Морган согласился со второй частью произнесенной тирады. За год до этого он действительно презентовал роман, который был очень неплохо принят читающей публикой. И теперь в комнате наверху у него лежали еще два, в разной степени готовности. Тем не менее он никак не мог толком примерить на себя костюм писателя, который, как ему казалось, совсем не шел его фигуре; он то заставлял себя влезть в него, то растерянно сбрасывал с плеч.
– Это так хорошо! Ведь писать романы – благороднейшее из искусств. Выше этого только поэзия. Вы читали стихи Мирзы Галиба?
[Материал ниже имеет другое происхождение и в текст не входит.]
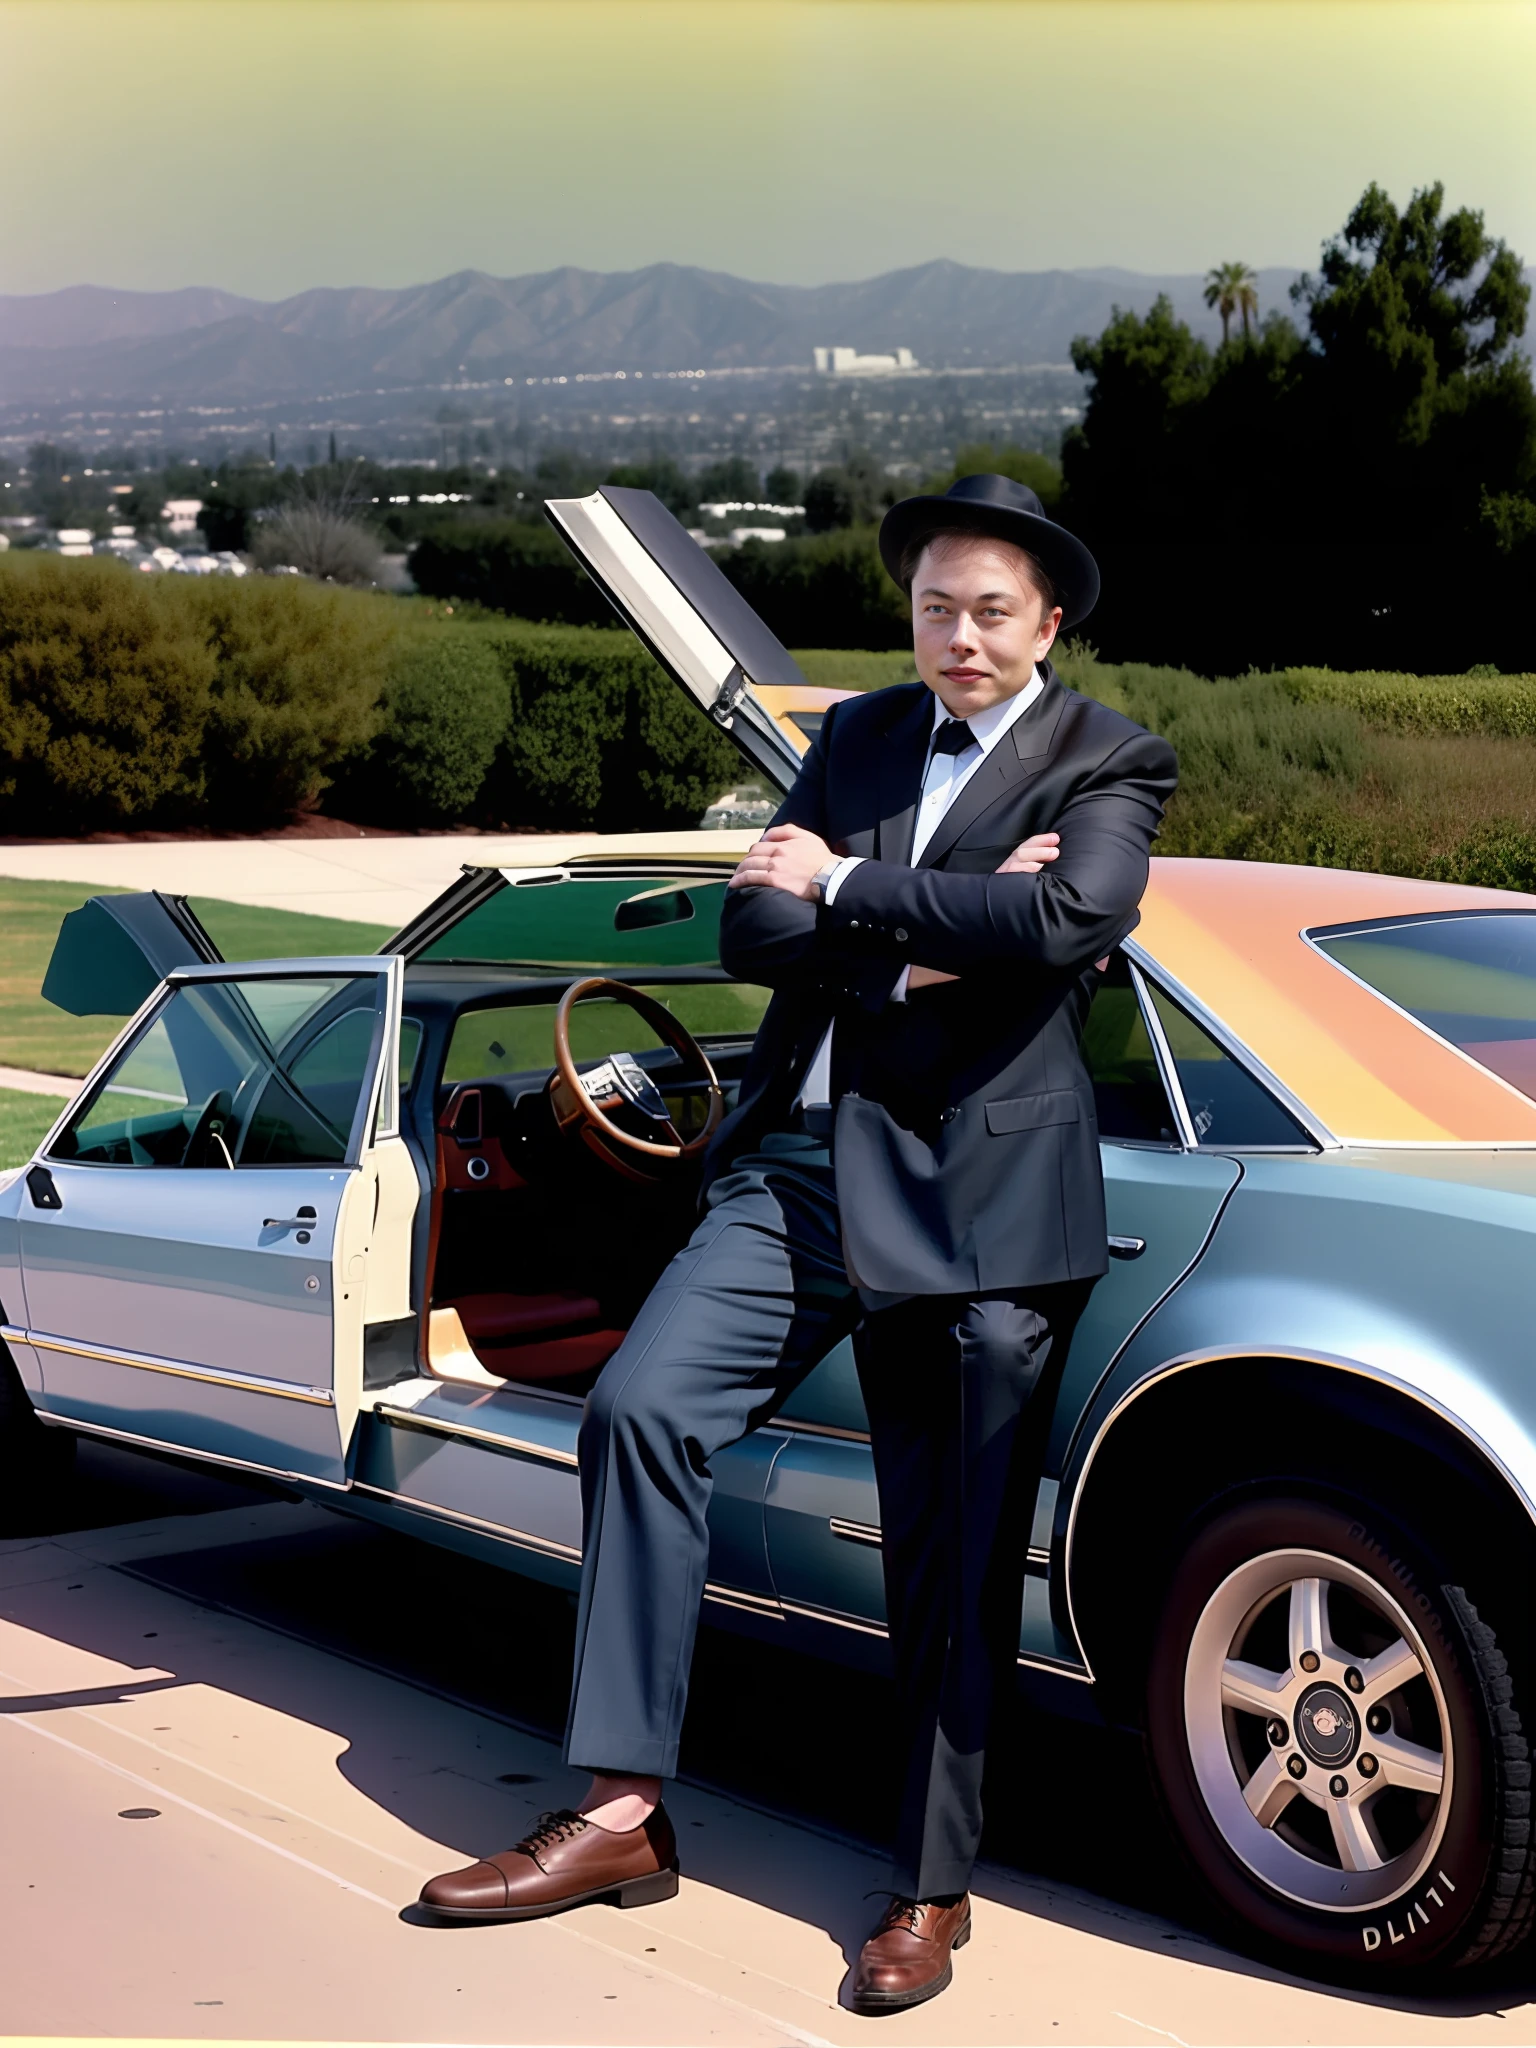 elon musk in the 1970s as pimp in san fernando valley, leaning against his car, wearing a fancy dress with hat, movie shot

Немедленно прочтите, или я не стану с вами разговаривать! О, если бы мне довелось жить во времена Великих Моголов! Вы были в Индии? Нет? Это преступление с вашей стороны. Вы просто обязаны как-нибудь навестить меня!
Он произносил фразы низким звучным голосом и, словно совсем не ожидая ответа, все продолжал и продолжал говорить, пока они входили внутрь дома и устраивались в гостиной. Только после того, как Агнес подала чай, он неожиданно замолчал. Теперь они принялись изучать друг друга более внимательно. Масуд был одет элегантно и светски, от него пахло дорогими духами. Он был так похож на принца – и тем, как выглядел, и тем, как говорил, и тем, какие ароматы источал! Морган, напротив, выглядел помятым и изрядно потертым, отчего чувствовал себя каким-то коммивояжером средней руки.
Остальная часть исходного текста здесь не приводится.